Source records
+--
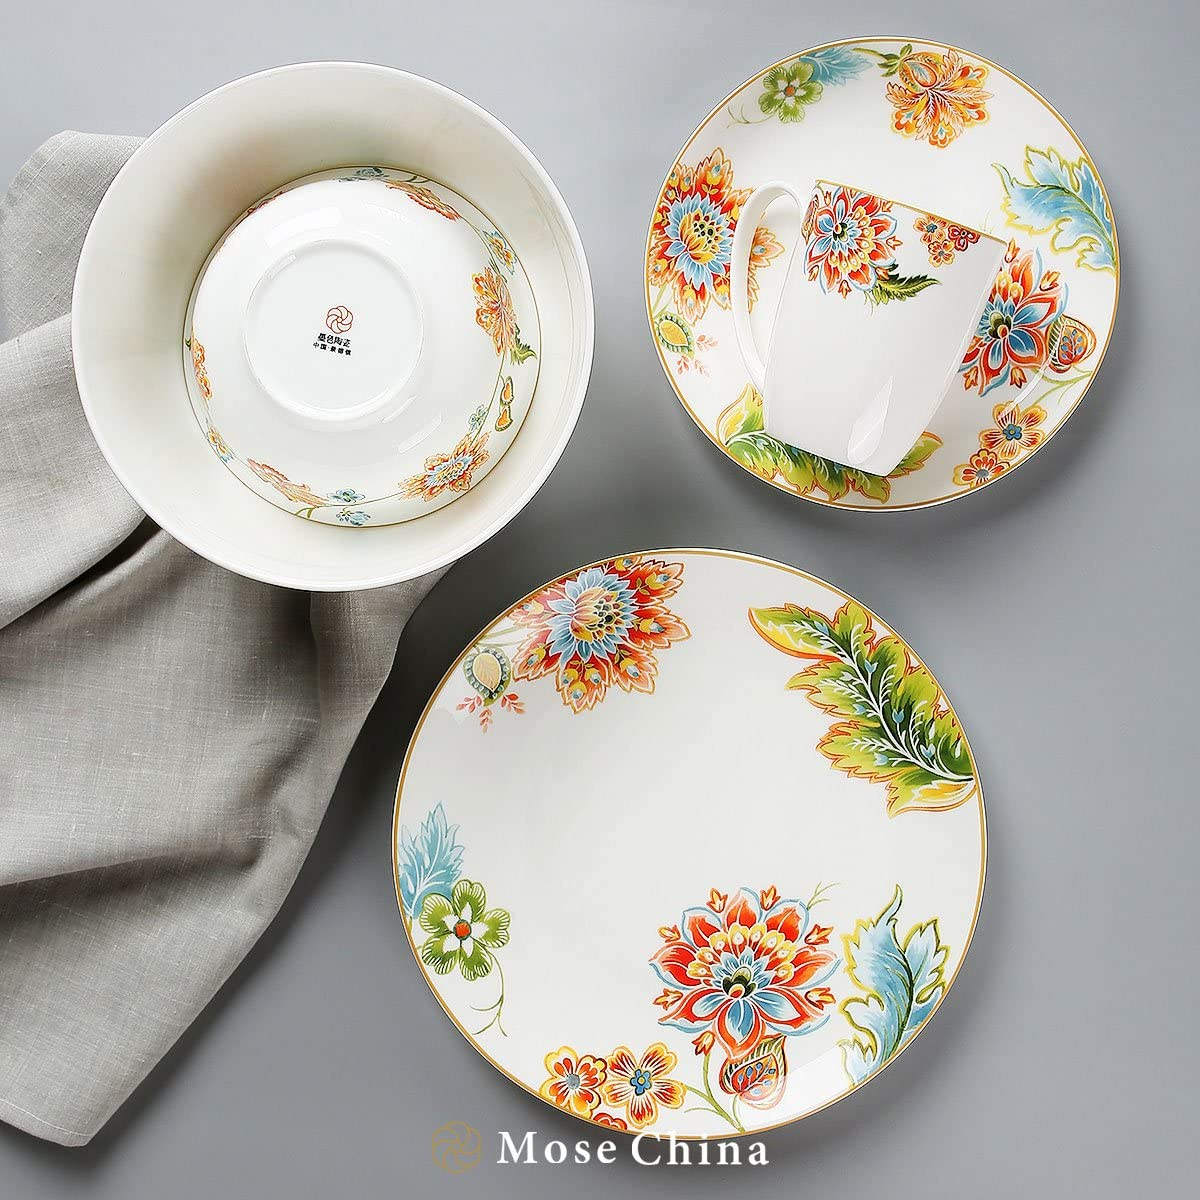 Mose China 6 - Piece Premium Bone China Porcelain Dinnerware Set
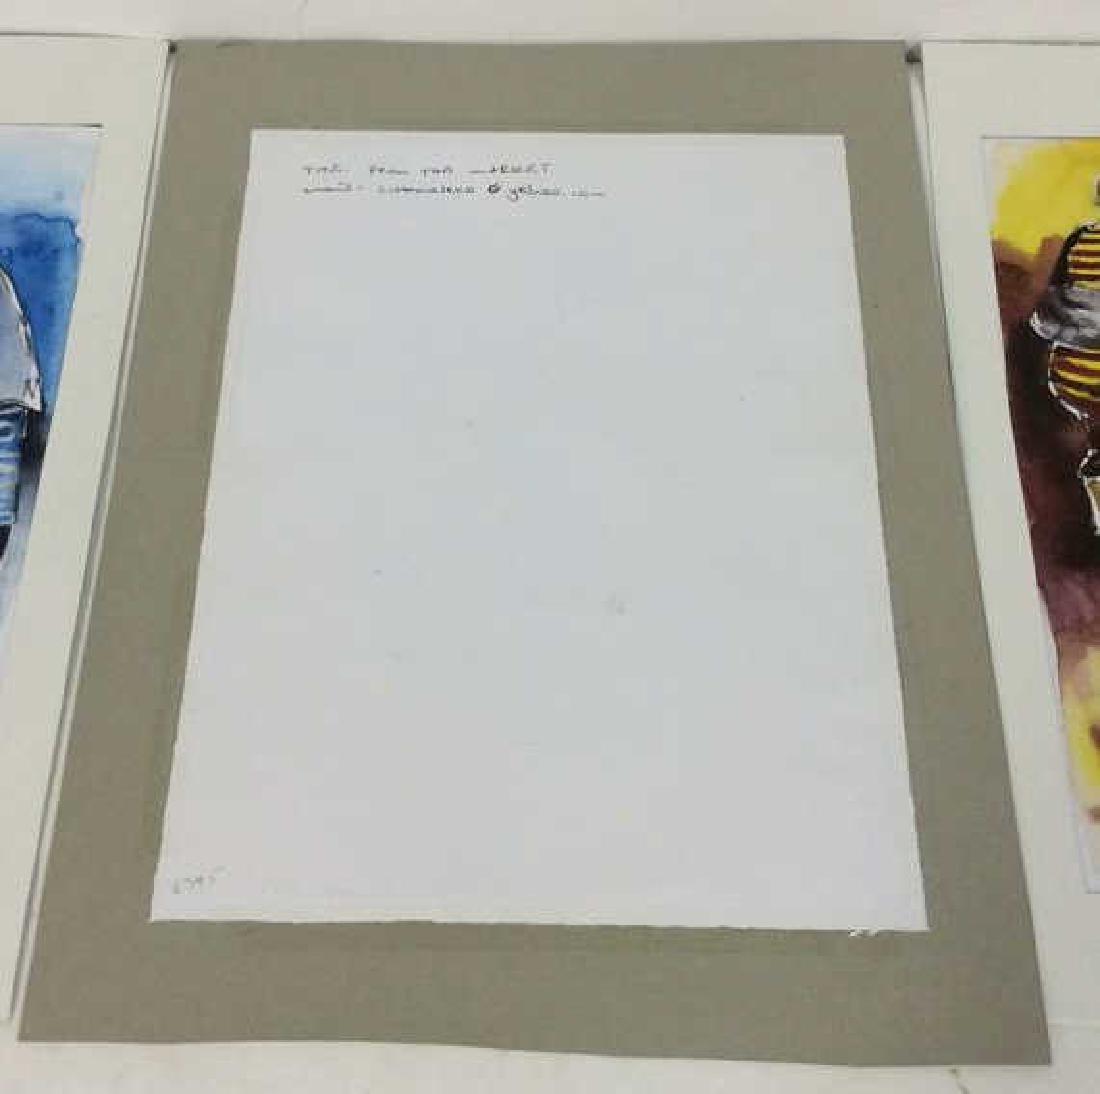 Lot 3 Signed Owen Maseko Watercolor Painting - 9
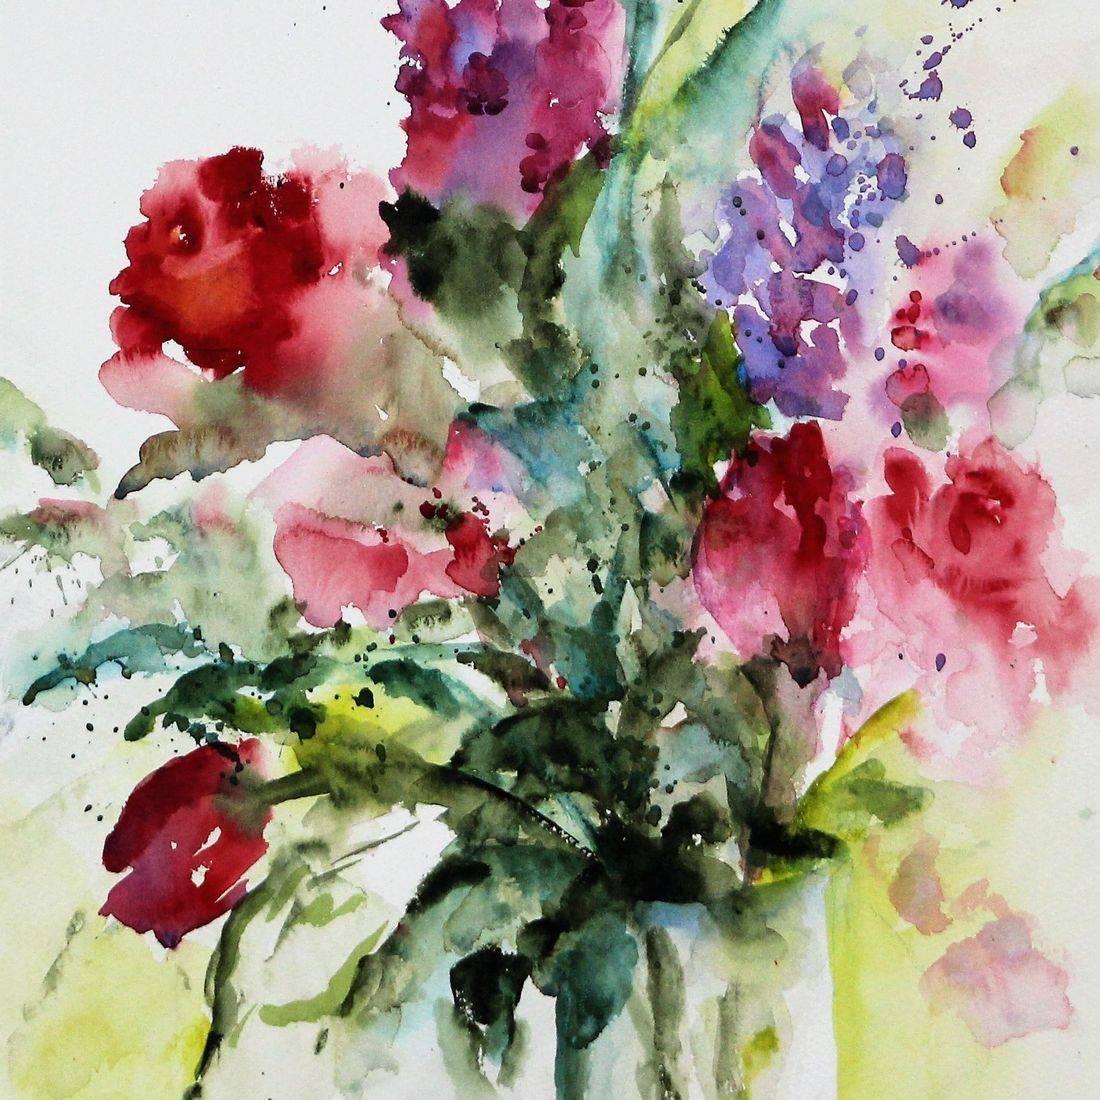 R Putbrese Watercolor, Rebecca Krutsinger watercolor painting of Floral mixed flowers
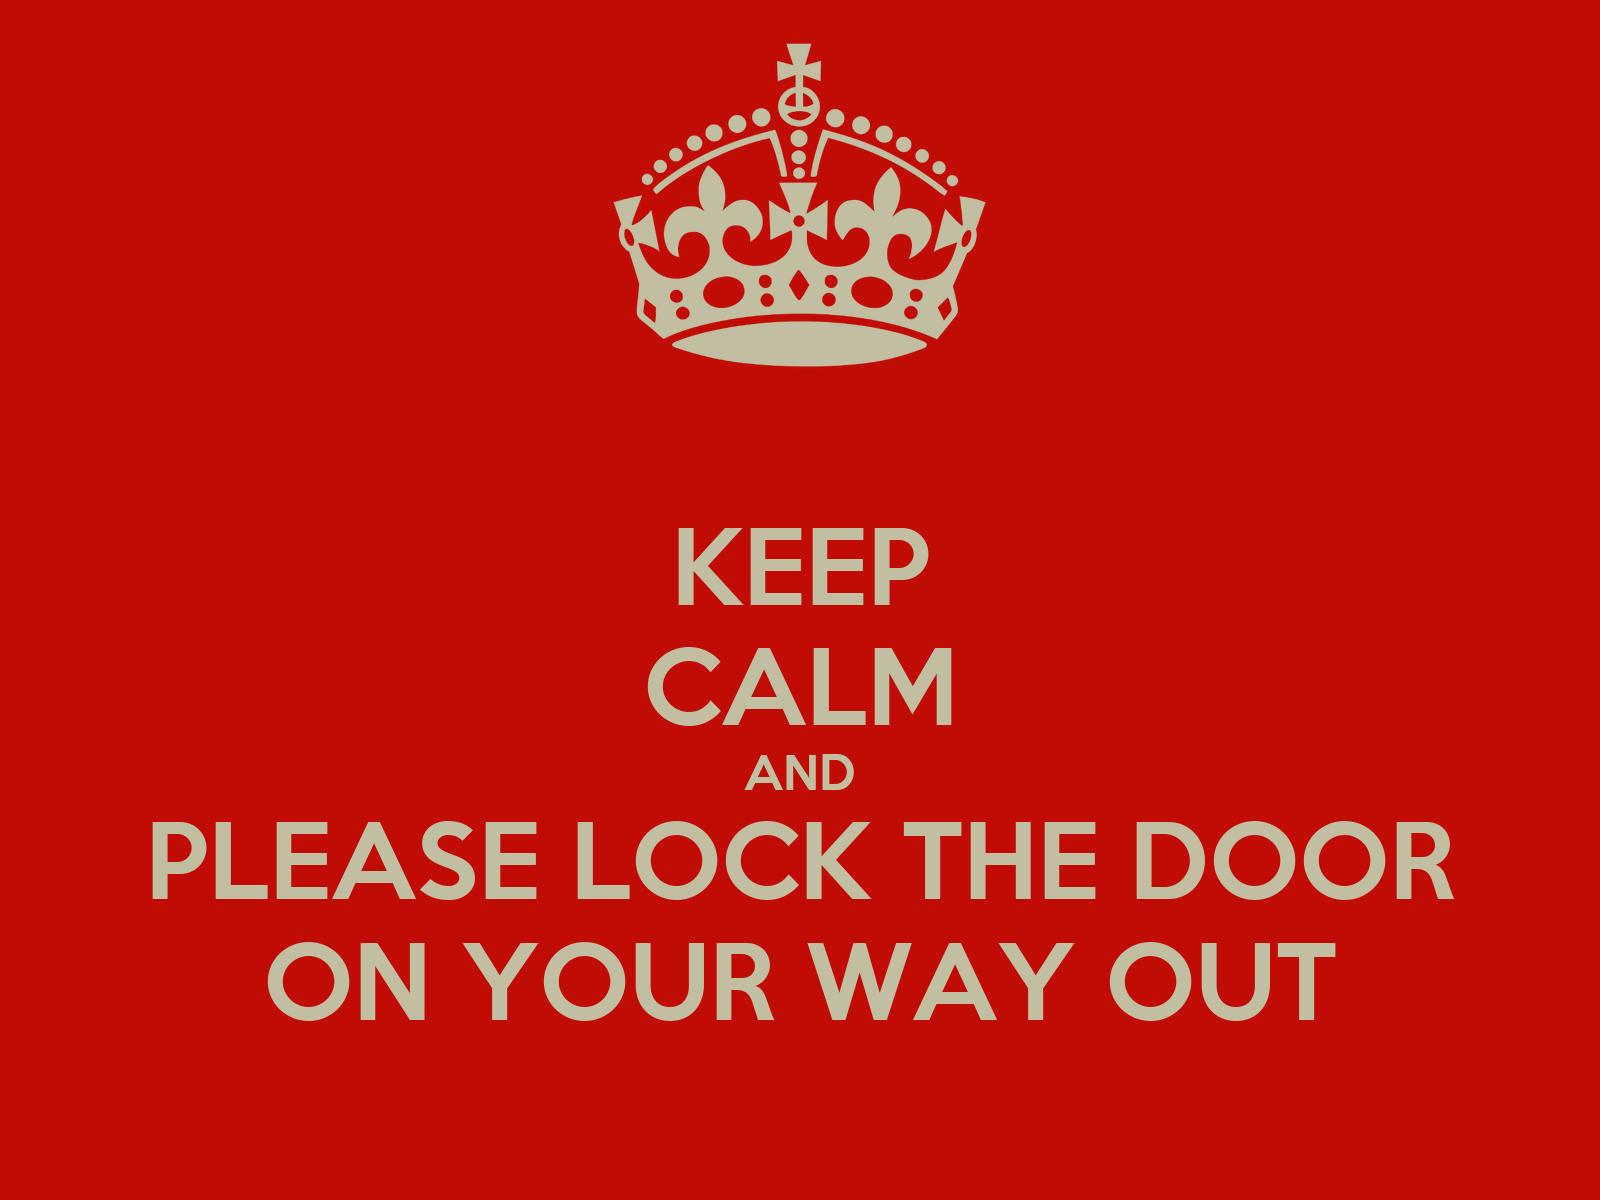 please lock door. KEEP CALM AND PLEASE LOCK THE DOOR ON YOUR WAY OUT Poster | Jodi Keep Calm-o-Matic Please Lock Door O
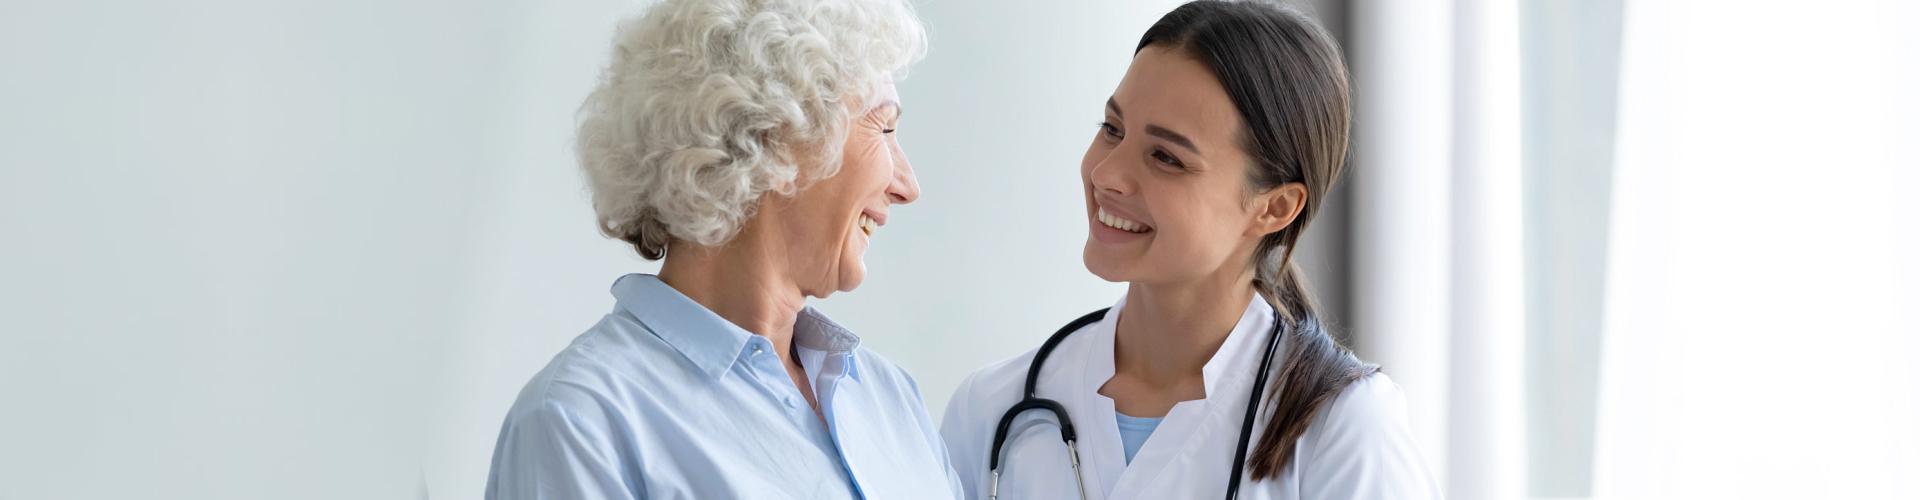 senior woman and nurse talking
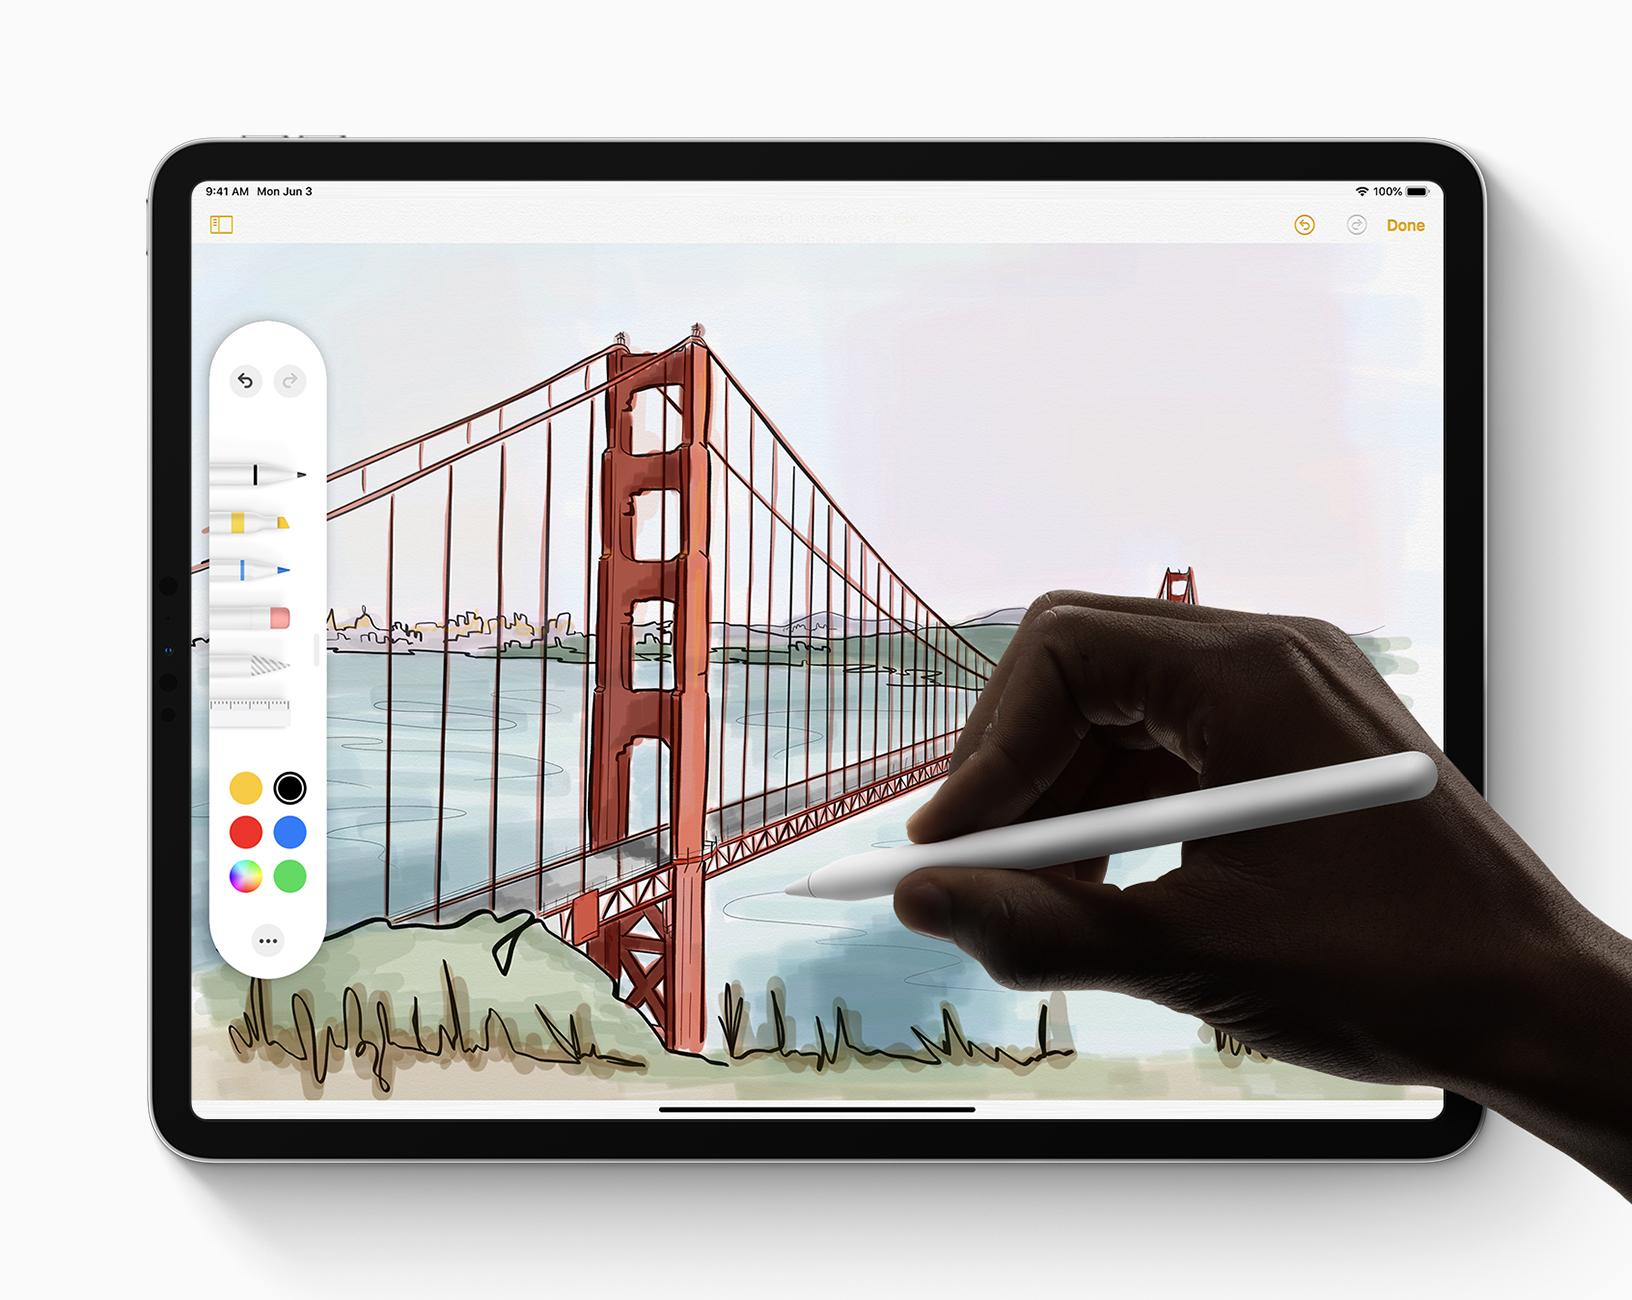 e374ff19e10 Apple_iPadOS_Apple-Pencil_060319_big.jpg
+--
Exercise |
The finished copy should match the data above word for word and contain no pictures.

Exercise response |
 Mose China 6 - Piece Premium Bone China Porcelain Dinnerware Set
 Lot 3 Signed Owen Maseko Watercolor Painting - 9
 R Putbrese Watercolor, Rebecca Krutsinger watercolor painting of Floral mixed flowers
 please lock door. KEEP CALM AND PLEASE LOCK THE DOOR ON YOUR WAY OUT Poster | Jodi Keep Calm-o-Matic Please Lock Door O
 senior woman and nurse talking
 e374ff19e10 Apple_iPadOS_Apple-Pencil_060319_big.jpg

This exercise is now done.